Median-evoked somatosensory potentials in severe brain injury: does initial loss of cortical potentials exclude recovery?

OBJECTIVE: In patients with severe brain injury (SBI) median-evoked somatosensory potentials (M-SSEP) serve as a prognostic tool. Bilateral loss of cortical responses (BLCR) is usually thought to be a reliable marker of poor prognosis. Prognostic accuracy to predict a poor outcome depends on the cause of coma and is best in hypoxic-ischemic encephalopathy (HIE) reaching almost 100% which is in contrast to patients with other etiologies of coma, especially traumatic brain injury (TBI). Only little evidence exists on the possibility of electrophysiological recovery of BLCR in repeated or serial SSEP-examinations and detailed functional outcome in these cases. METHODS: 28 patients (78.6% male, 21.4% female, mean age 43.1±18.6 years) from our in-patient early (post-acute) neurorehabilitation center with BLCR in their first M-SSEP were re-examined after a mean interval of 66±55.8 days. SBI was caused by different etiologies. We retrospectively analyzed (a) the recovery rate from BLCR in consecutive M-SSEP and (b) the detailed functional outcome of those patients with recovered cortical responses. RESULTS: 14/28 (50%) patients with primarily BLCR showed re-occurrence of cortical potentials, either uni- or bilaterally. Of the 14 patients, one died due to a non-neurological cause. Of the remaining 13 patients 6 - most of them suffering from traumatic brain injury (TBI) - could be transferred to further continuing neurorehabilitation and achieved good functional long-term outcome. BLCR in HIE still had a poor prognosis with none of our patients achieving an outcome better than vegetative state. CONCLUSIONS: Electrophysiological recovery from primarily BLCR seems possible and is accompanied by good functional outcome in a relevant number of patients. Thus caution is warranted in predicting a poor prognosis based predominantly on SSEP, especially in patients with TBI. Focusing SSEP-examination on the early days after severe brain injury and performing only one examination in the case of BLCR may lead to systematic underestimation of the possibility of recovery.
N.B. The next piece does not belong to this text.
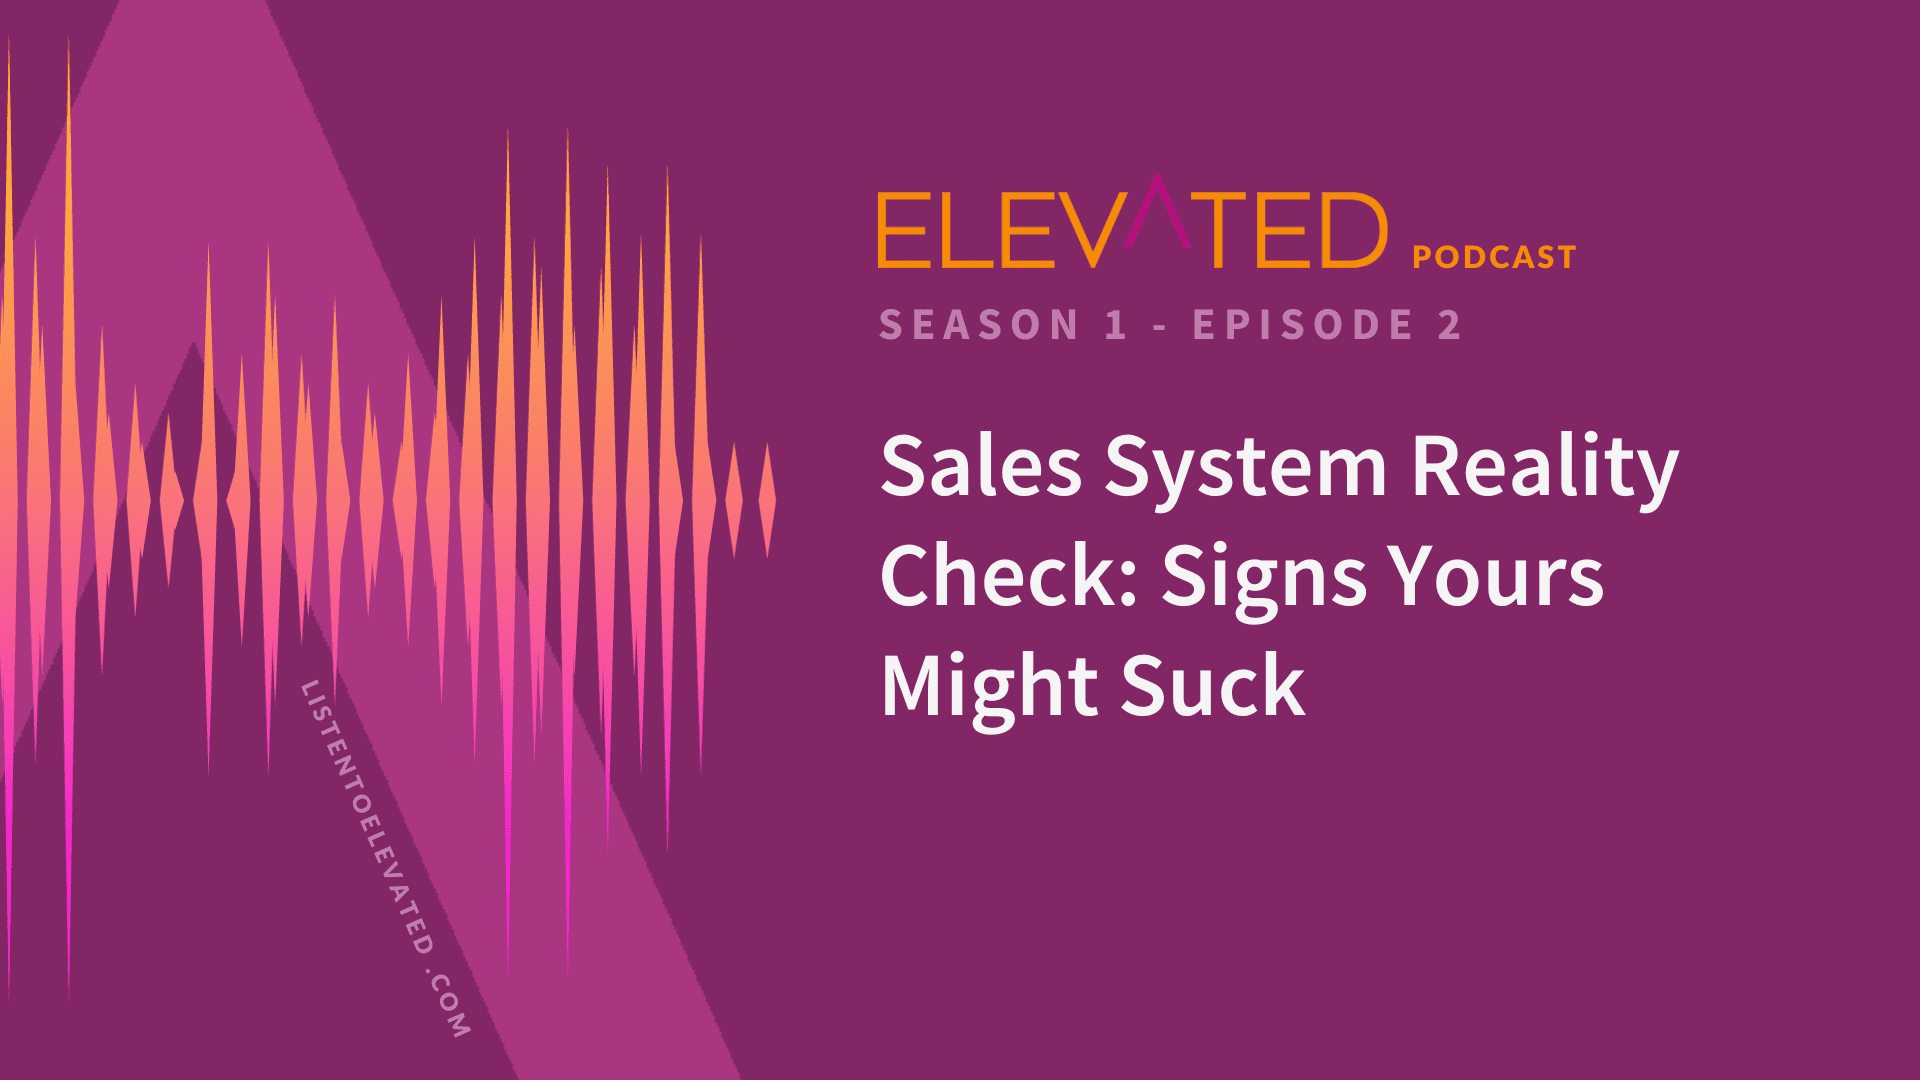 Sales System Reality Check: Signs Yours Might Suck

Critical-illness-polyneuropathy as sequelae of severe neurological illness: incidence and impact on ventilator therapy and rehabilitation.
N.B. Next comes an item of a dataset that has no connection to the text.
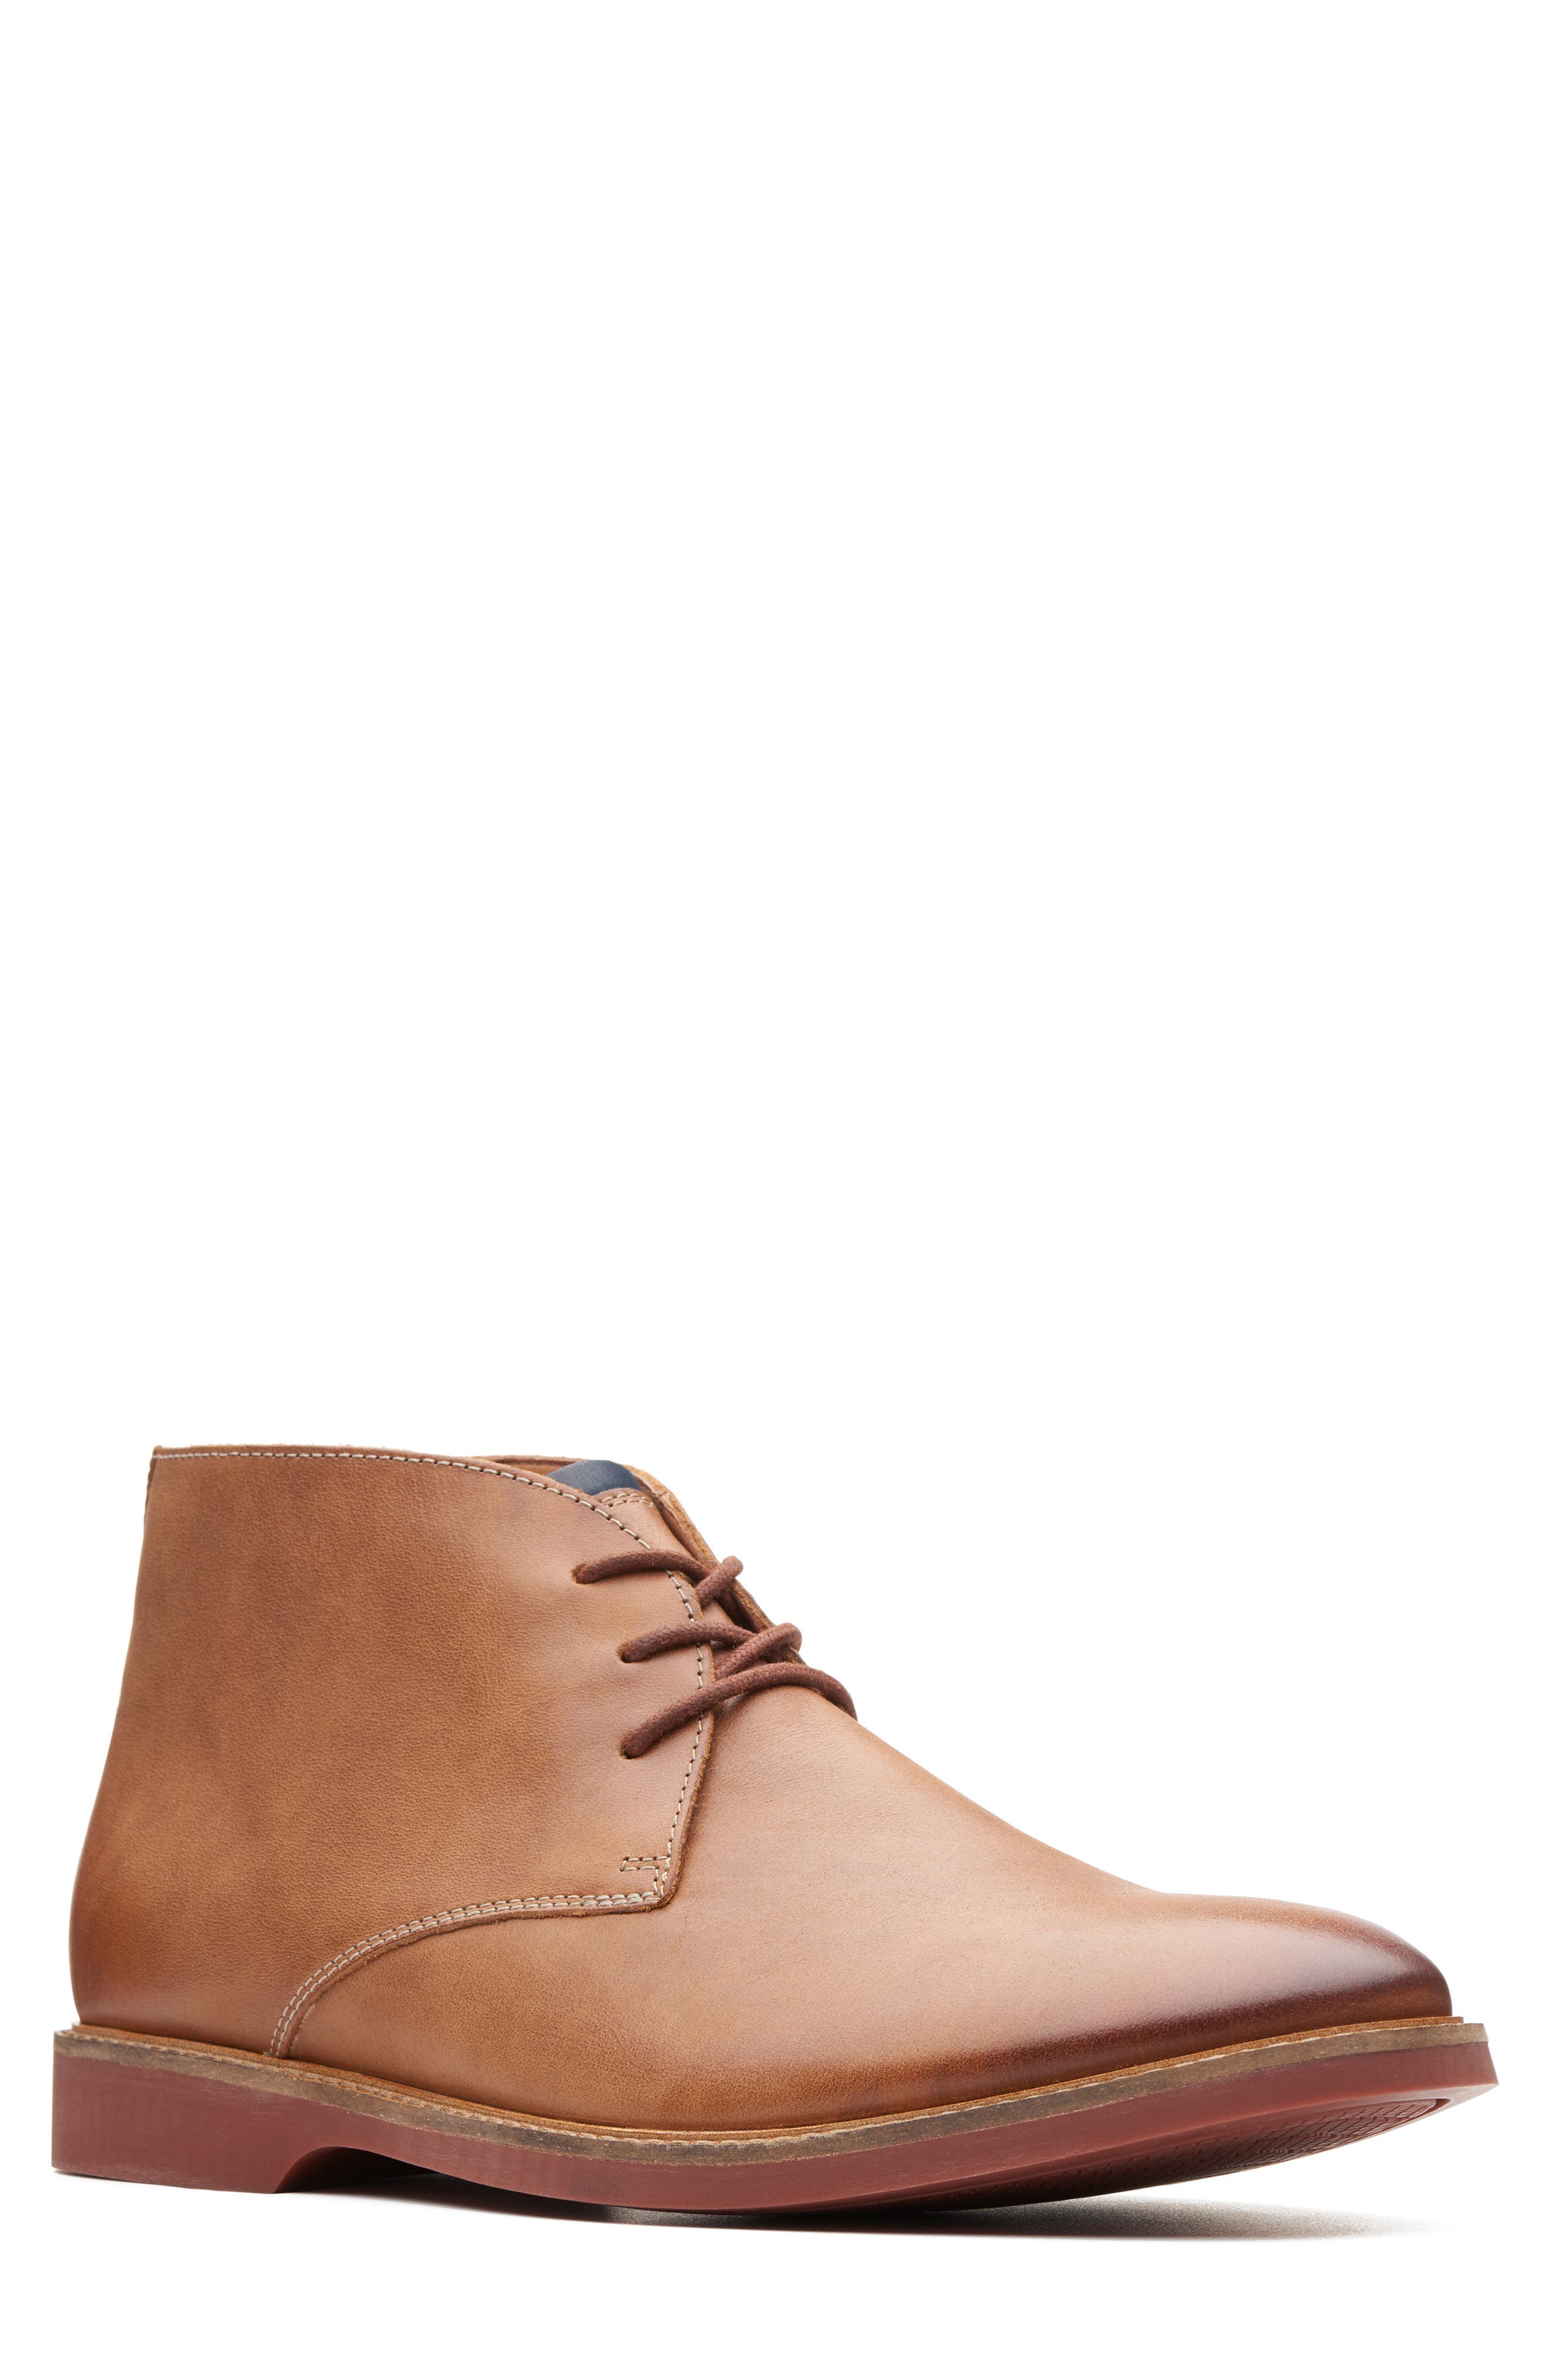 clarks shoes clearance

INTRODUCTION: Critical-Illness-Polyneuropathy (CIP) is common in critically ill patients. In contrast to CIP arousing from primary non-neurological causes, studies dealing with CIP following a primary neurological illness are rare. This mono-center, retrospective study was performed to examine a) the incidence of CIP in patients after severe neurological illnesses and b) the impact on ventilator therapy. MATERIAL AND METHODS: Retrospective analysis of all patients, admitted for early (post-acute) neurological rehabilitation following severe neurological diseases between 01.01.2006 and 31.12.2010. Patients routinely underwent standard electrophysiological evaluation (nerve conduction studies of 8 motor and 6 sensory nerves; needle electromyography of 6 muscles). Diagnosis of CIP required a) pathological spontaneous activity in at least two muscles and b) reduced compound muscle activity potentials (CMAP) in at least two motor nerves of different extremities. RESULTS: CIP was diagnosed in 430 of 623 patients (69.0%). Patients with proven CIP required significantly (p < 0.001) longer ventilator therapy (33.1 days) in contrast to patients without CIP (21.5 days). CONCLUSION: CIP is common in patients suffering from primary severe neurological diseases. Due to CIP, duration of ventilator therapy is significantly prolonged. In patients with severe neurological diseases electrophysiology is crucial to establish the correct diagnosis.